The woman looked at the clock for a long time. Her tears had stopped. She had the expression of someone discovering that a problem they had been trying to solve was actually the wrong shape — that the answer they wanted was not in the category of answers they had been looking through.
“Why would you teach me?” she asked.
“Because some clocks teach you things the schools won’t,” Lior said, and she did not say that her grandfather had said the same thing to her in 1995, but she felt him in the shop in that moment as surely as she had felt him every day for thirty-one years.
The woman did not decide that day.
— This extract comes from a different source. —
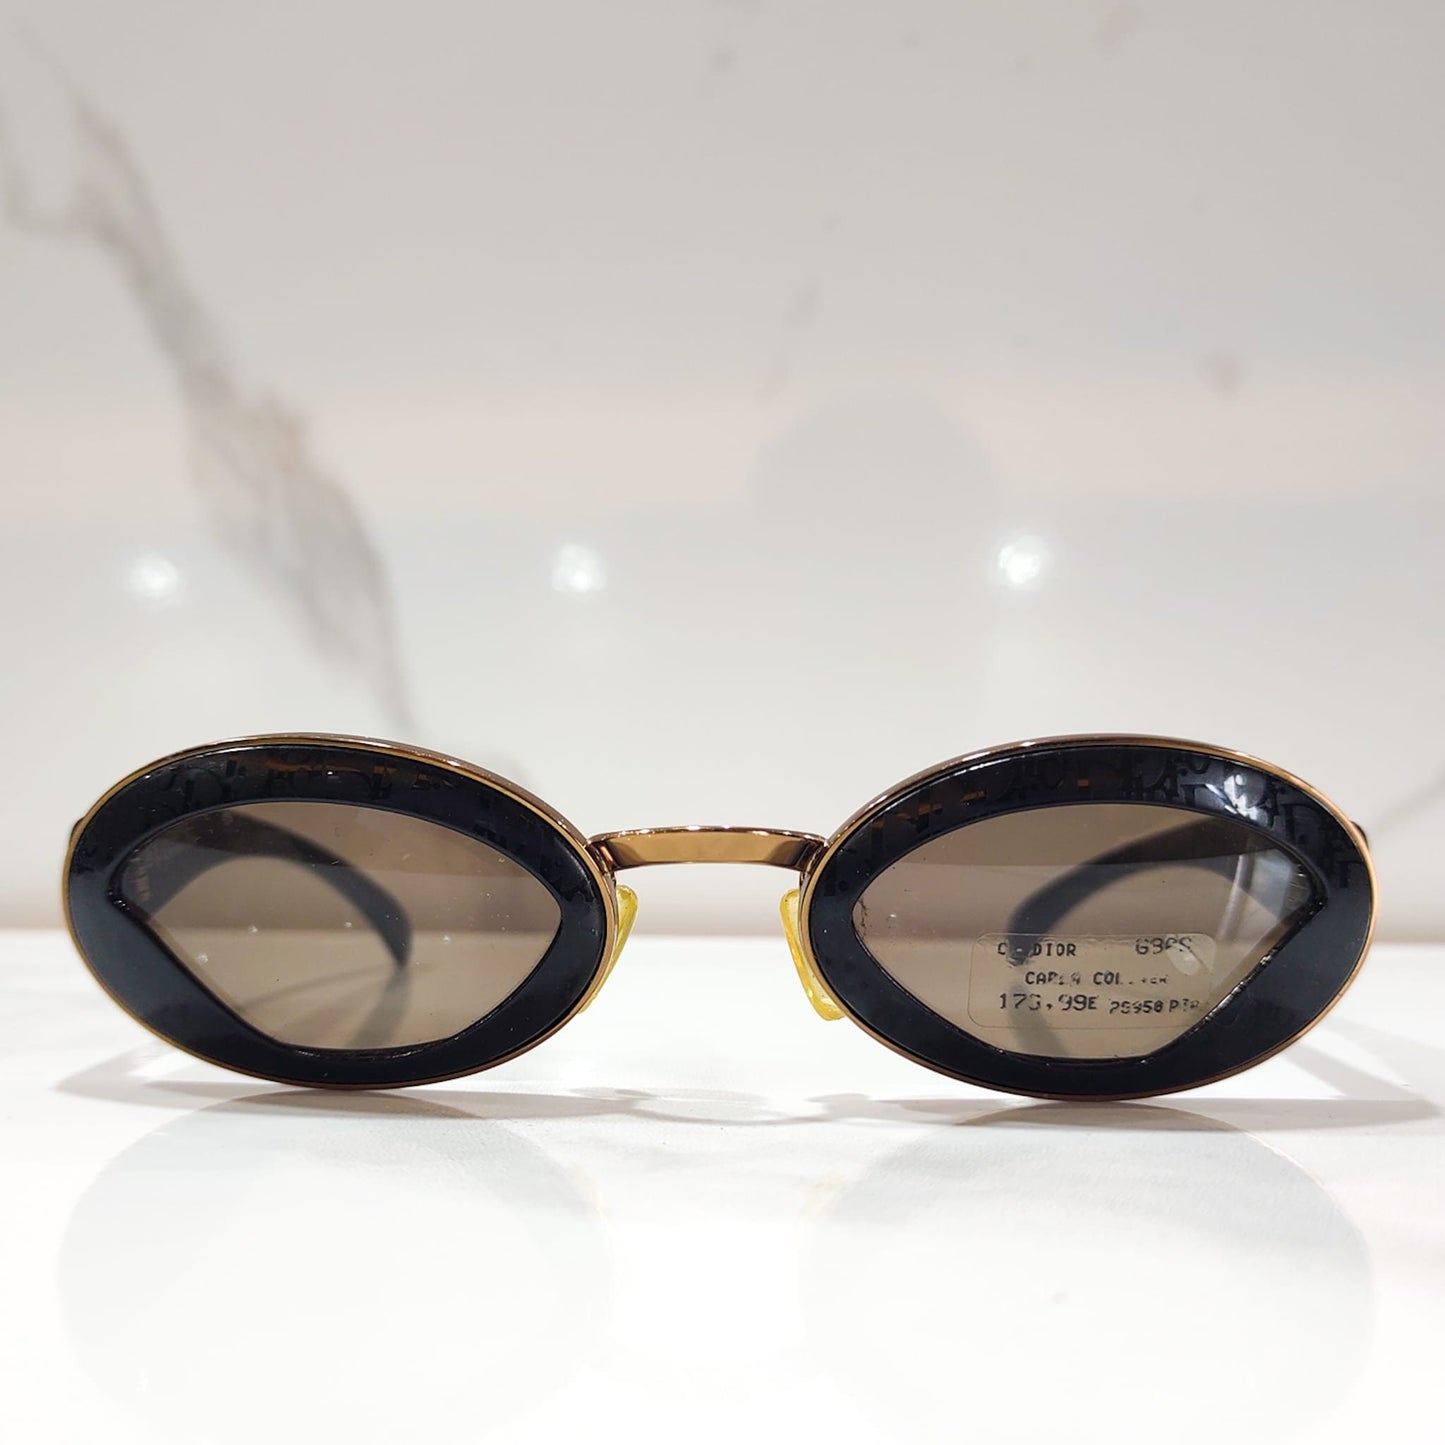 Dior Pin UP Rari occhiali da sole Limited Edition vintage occhiali lunetta brille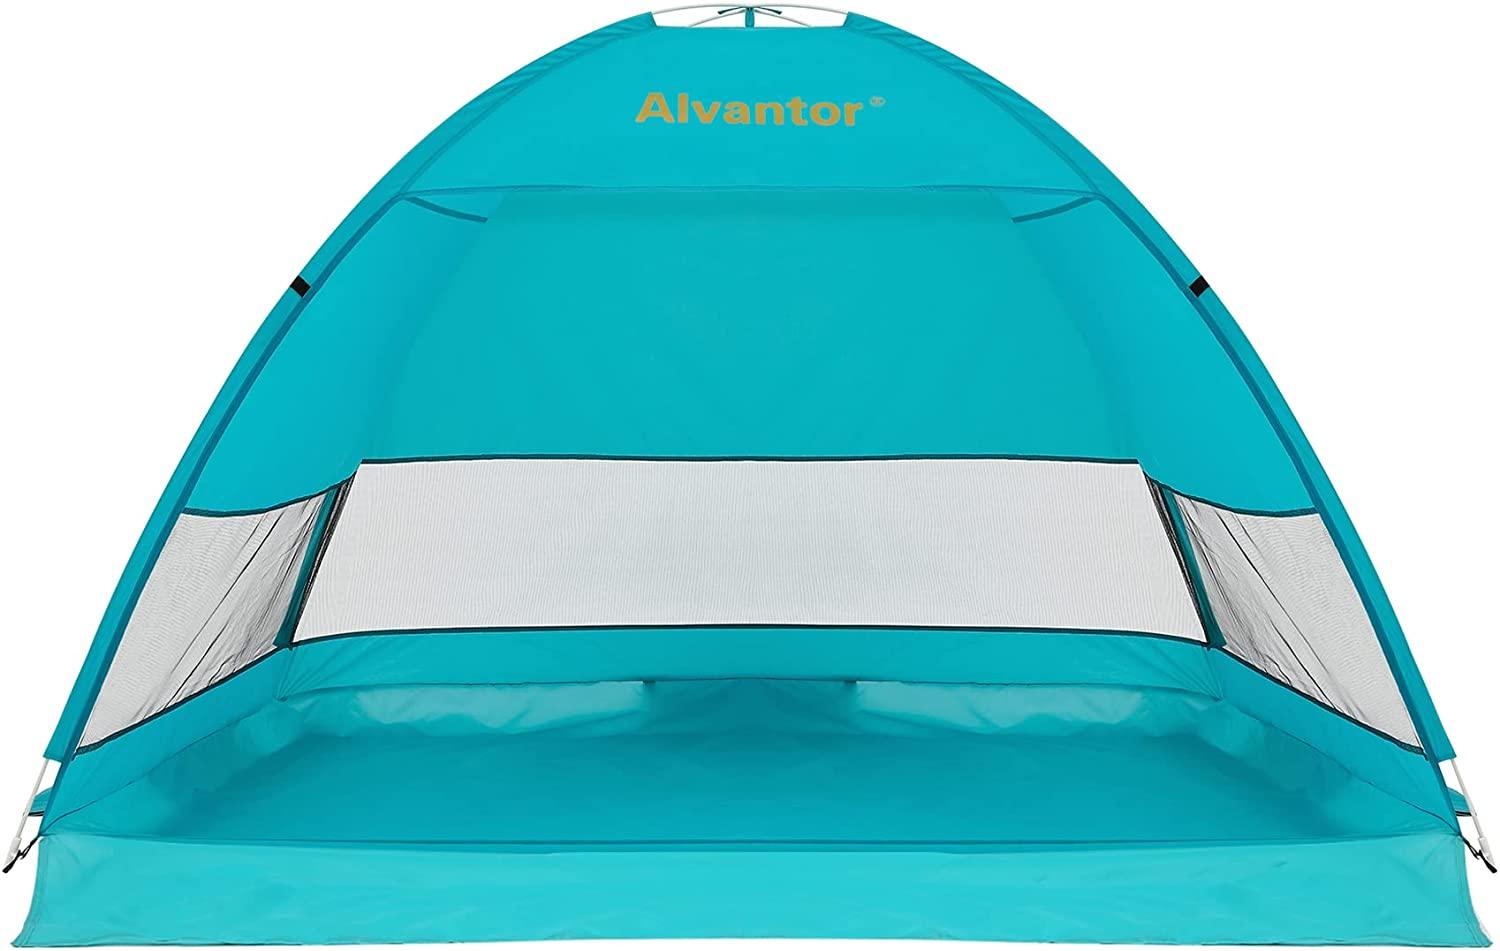 Alvantor Tech Coolhut Beach Tent

She took the clock home, still stopped, and Lior wrote down the appointment for Saturday morning, when the woman would come back, and Lior would show her how to look inside the back of the case and see what was true.
When the woman left, Lior stood in the empty shop for a moment, listening to the clocks on her own walls. The Vienna regulator with its slow pendulum. The chime clock from a German farmhouse, rebuilt in 2008. The Westminster on the windowsill that her grandfather had given her, which she wound every Sunday morning at nine, because some rituals were just the body’s way of saying I am still here, I am still keeping the time you taught me.
The Vienna struck the half-hour.
Lior poured herself tea.
She thought about how strange it was, that grief made some people stop the clocks and made others want to make them run again — and how both of those were ways of loving someone, and how part of her job, the part that wasn’t in any textbook, was to sit with people while they figured out which kind of love they were trying to do.
Outside, the afternoon light moved across the floor of her shop, the way it had moved across the floor of her grandfather’s shop, the way it had moved across the floor of his father’s shop, all the way back to whoever had first decided that small machines made of brass and oil could be entrusted with the work of marking the hours a family lived through.
She drank her tea.
The clocks kept time, or didn’t, around her.
Both, she thought, were forms of devotion.
For Lois M. Legendre · 1948–2023 She wrote but never published, because people made her feel small for trying. This one is for her — and for everyone still deciding what to do with the clocks left behind.